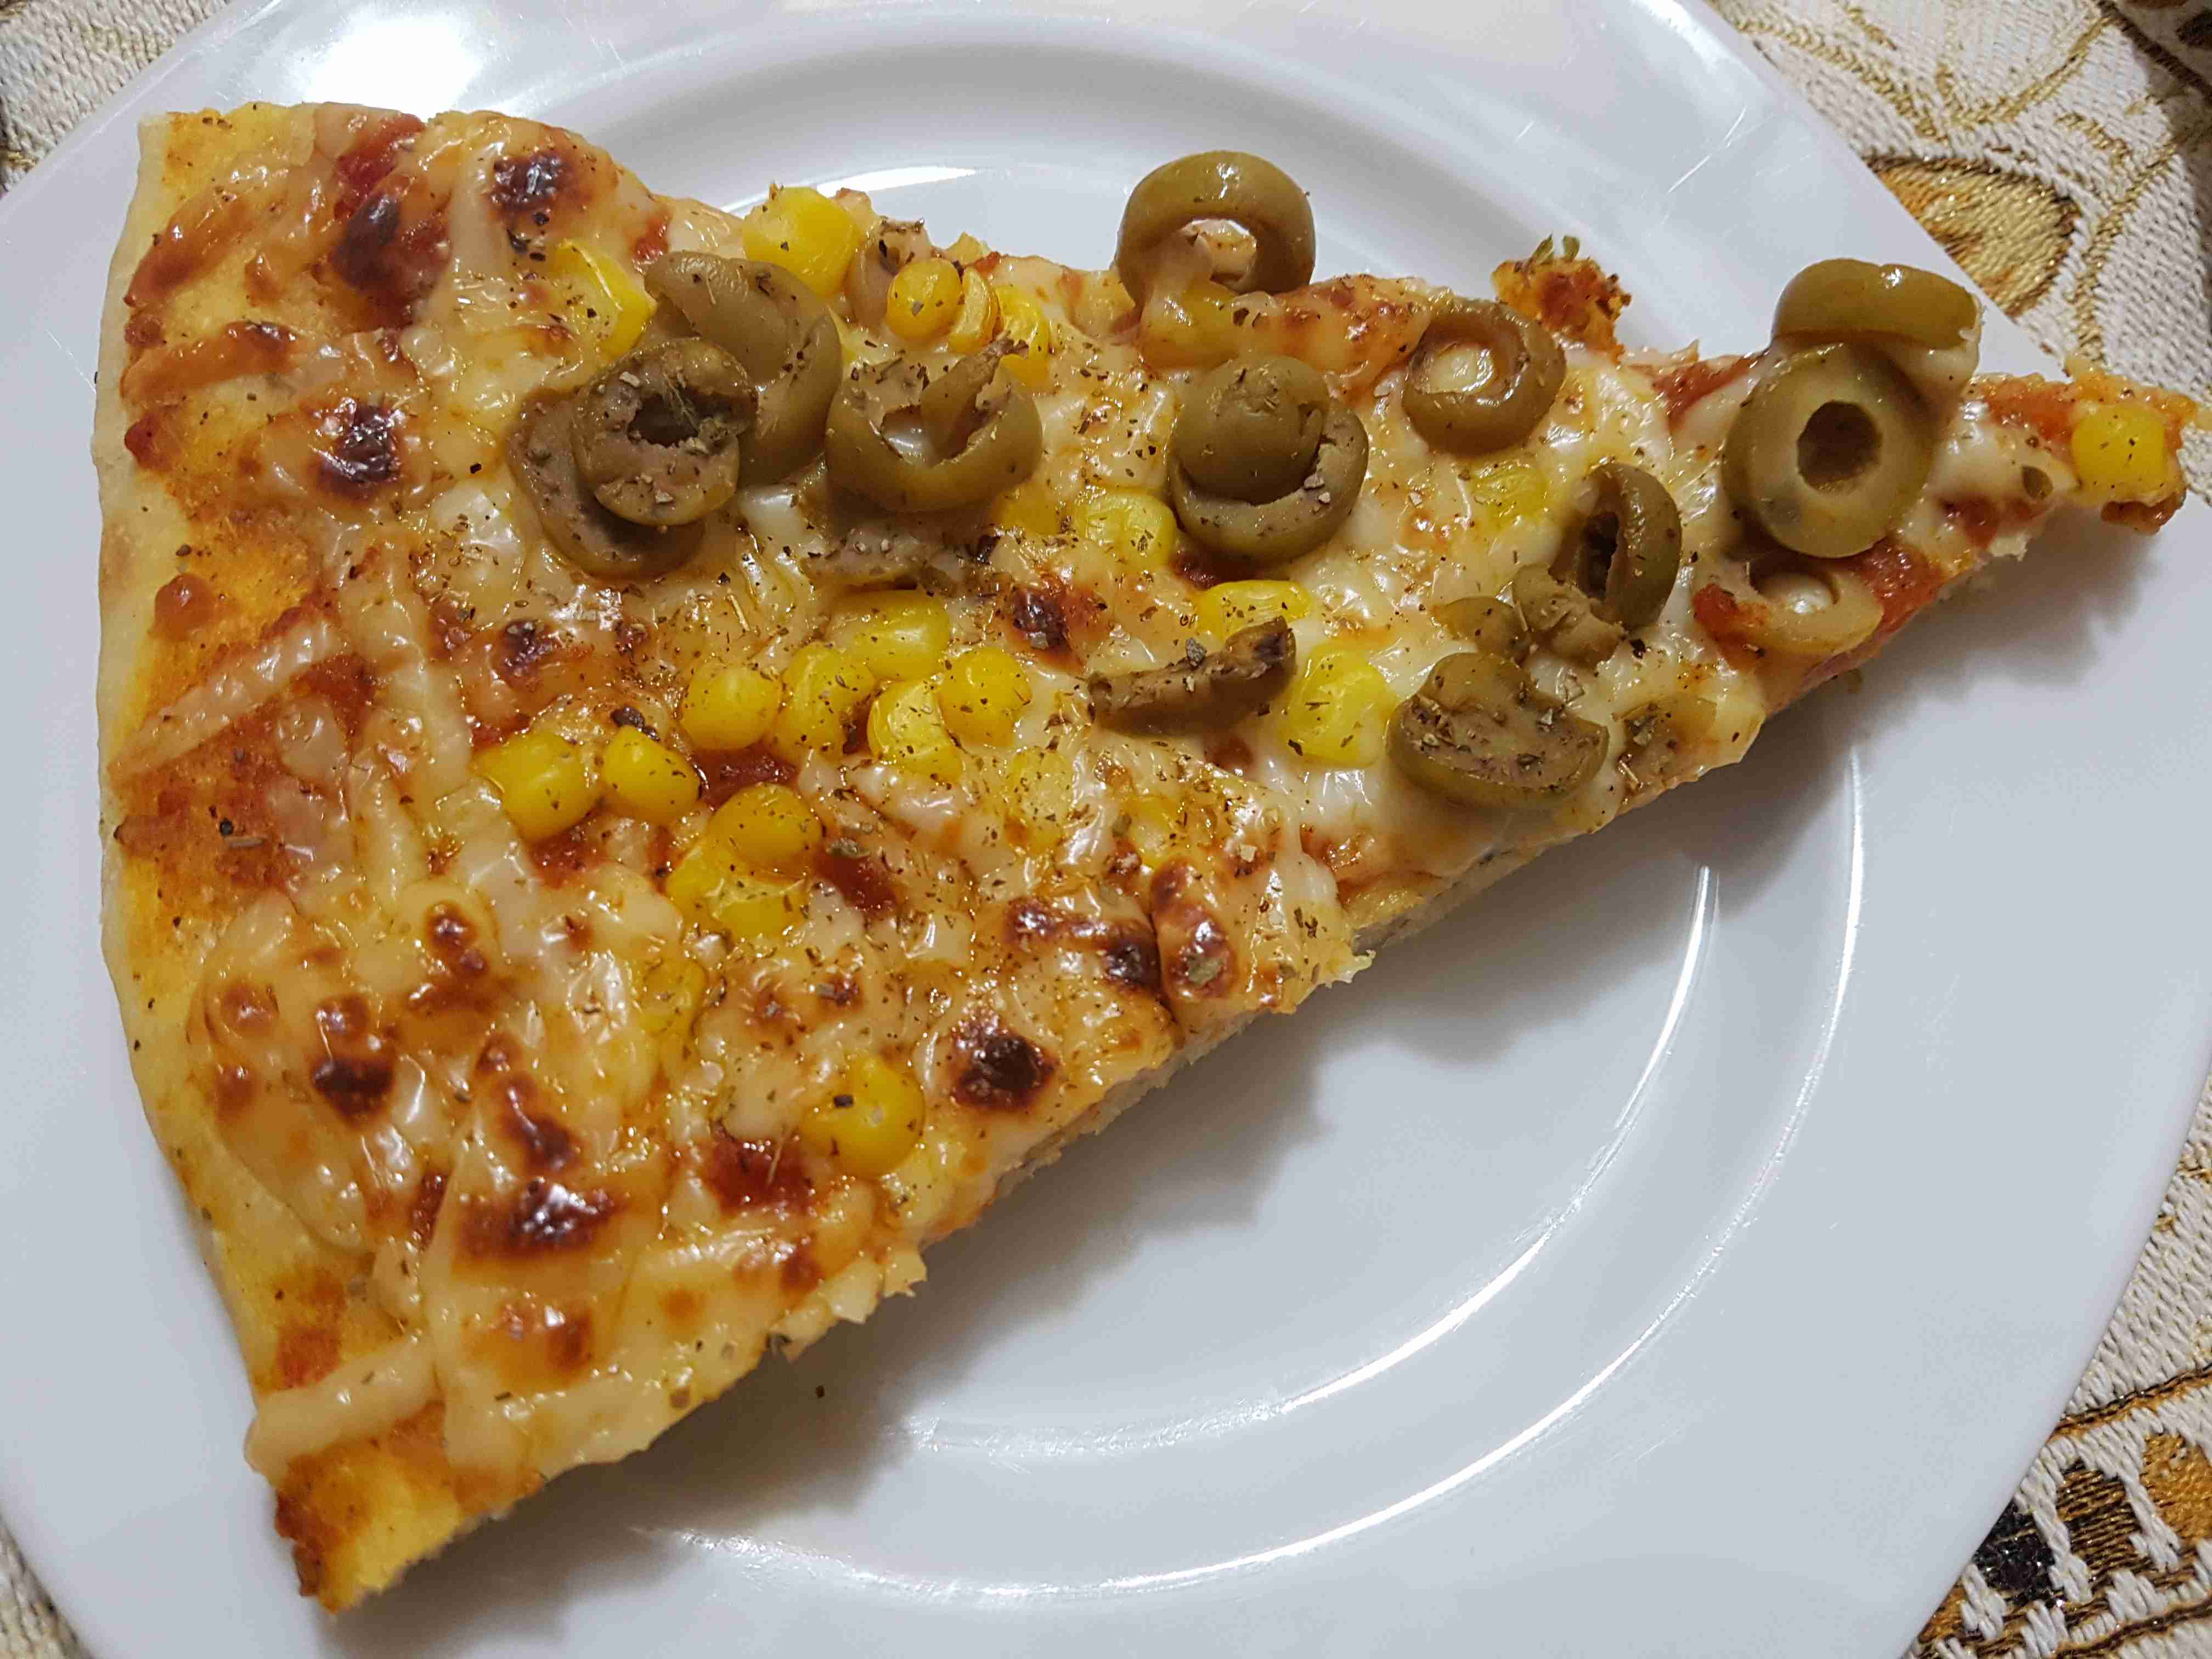 البيتزا الشهية من تحت ديات حماتي ملكة مسابقة اكلات رمضان
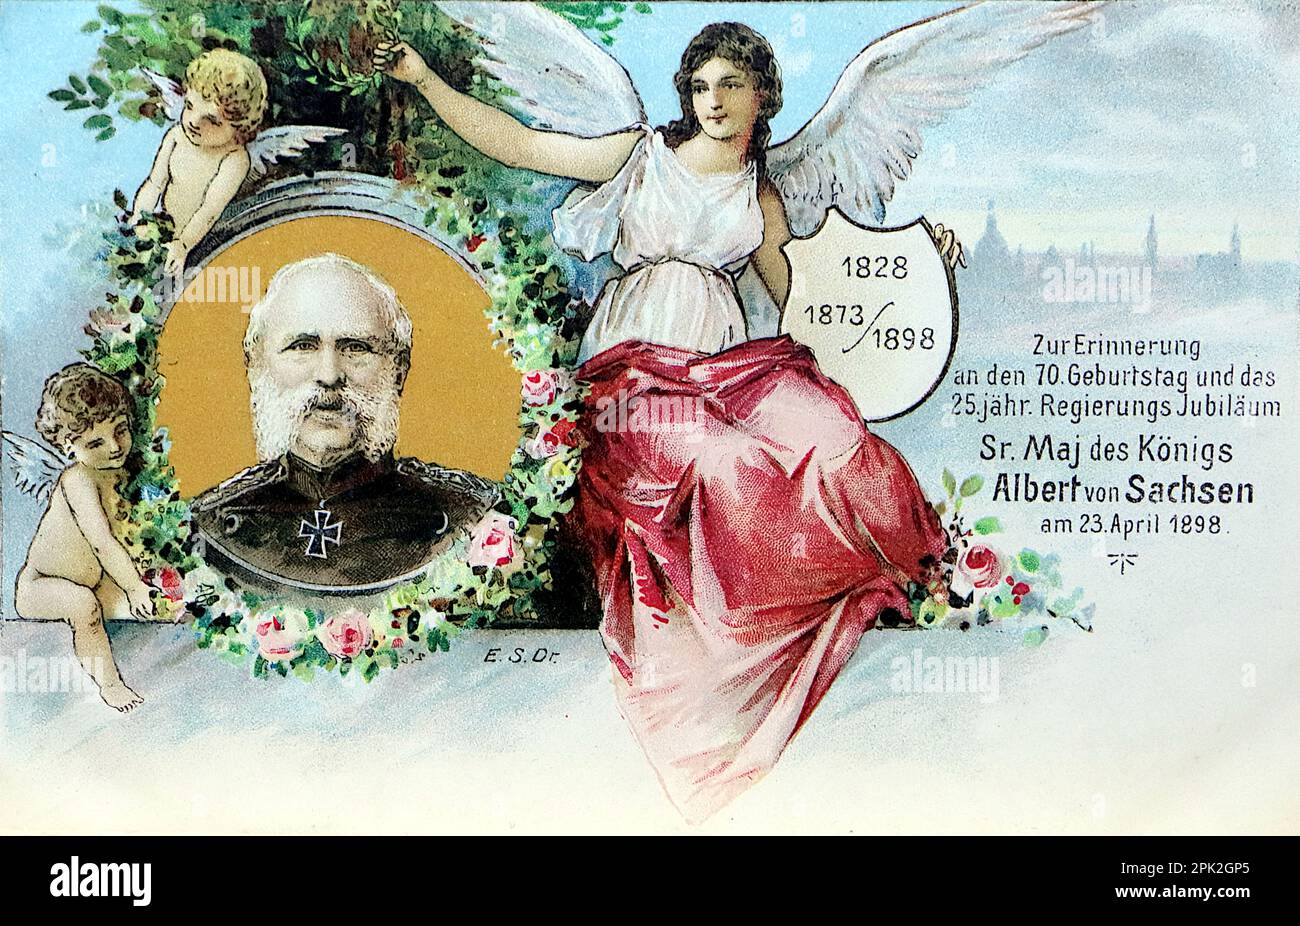 Eine 1898-Postkarte mit Albert von Saschen, König von Sachsen. Diese Karte wurde 1828 geboren und feiert seinen siebzigsten Geburtstag sowie sein Silberjubiläum. Stockfoto
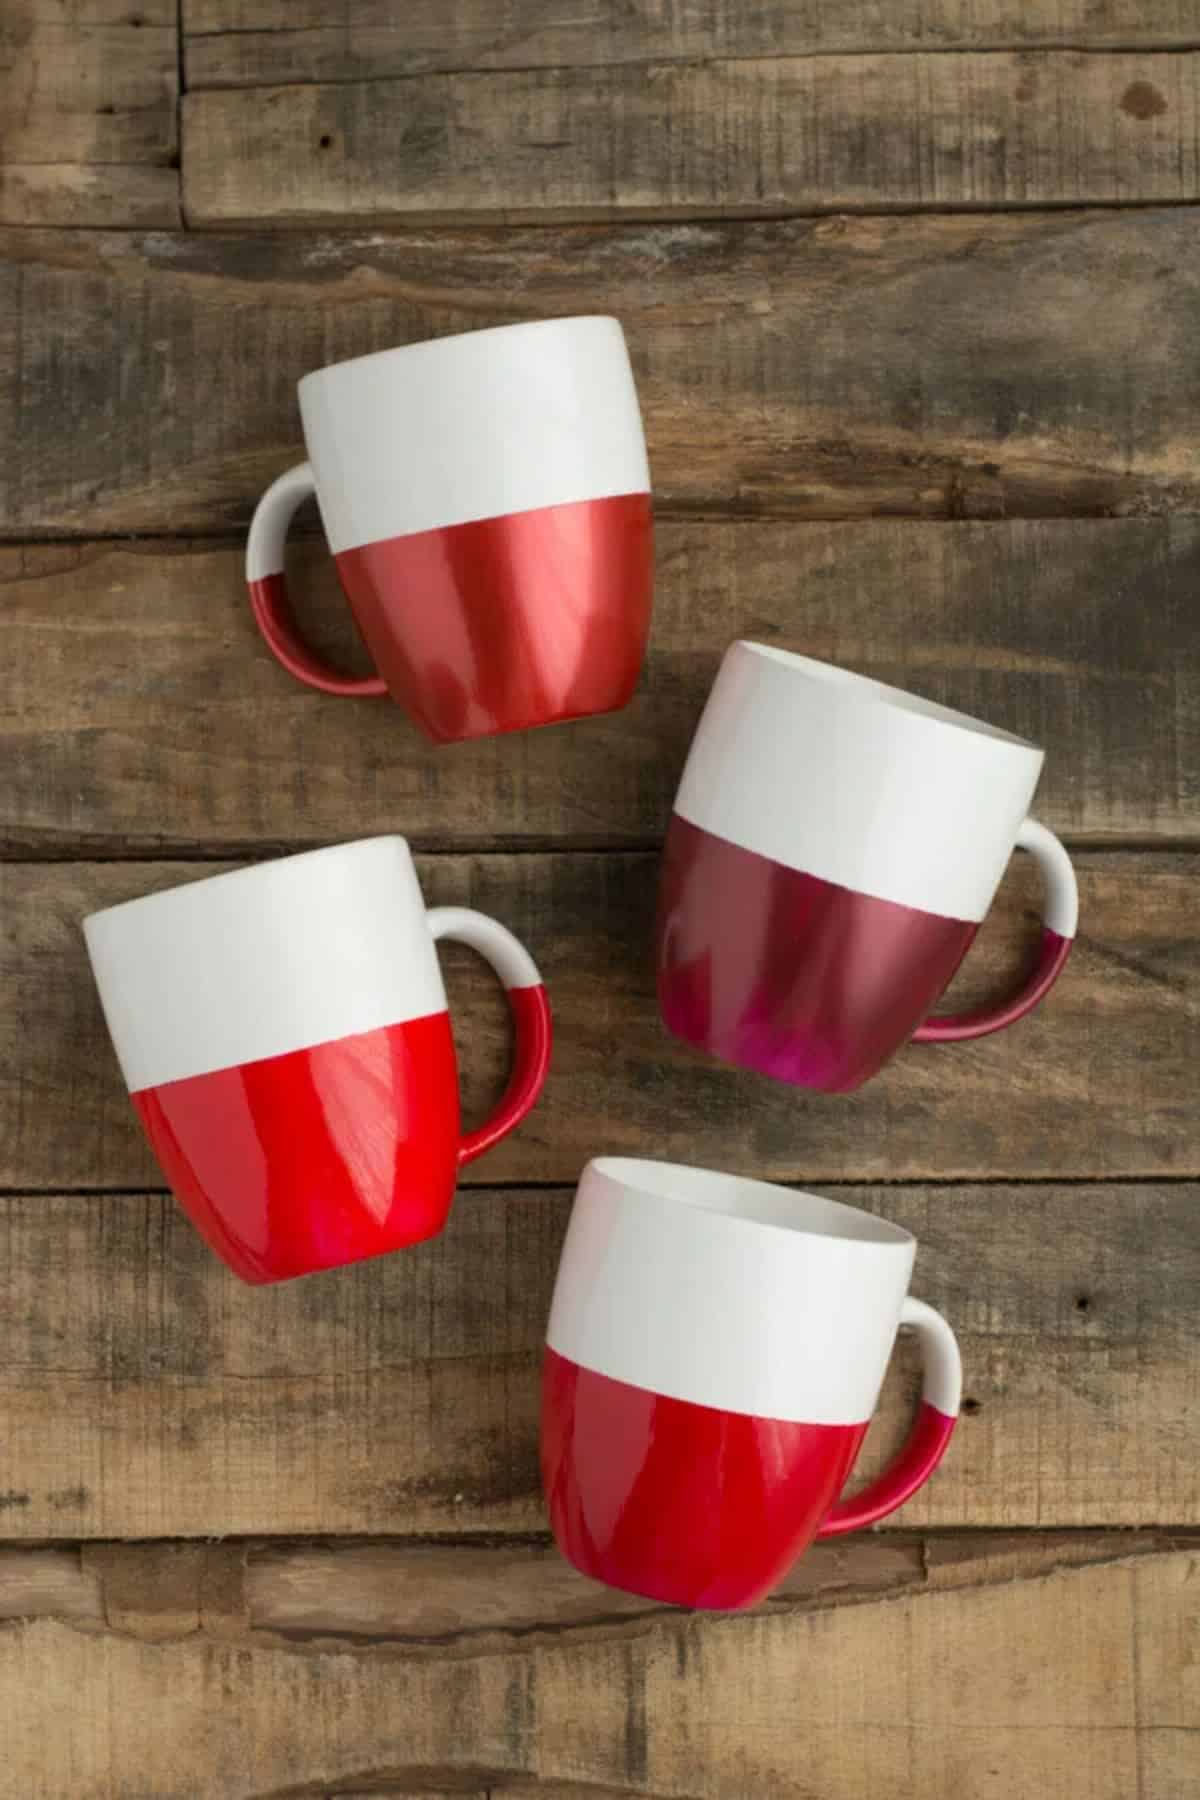 DIY Two-Toned Mugs

-=-=-

#### AIM OF THE TASK
Before writing out the material above, please remove its pictures; everything else stays exact.

#### THE COMPLETED TASK
 البيتزا الشهية من تحت ديات حماتي ملكة مسابقة اكلات رمضان
 Eine 1898-Postkarte mit Albert von Saschen, König von Sachsen. Diese Karte wurde 1828 geboren und feiert seinen siebzigsten Geburtstag sowie sein Silberjubiläum. Stockfoto
 DIY Two-Toned Mugs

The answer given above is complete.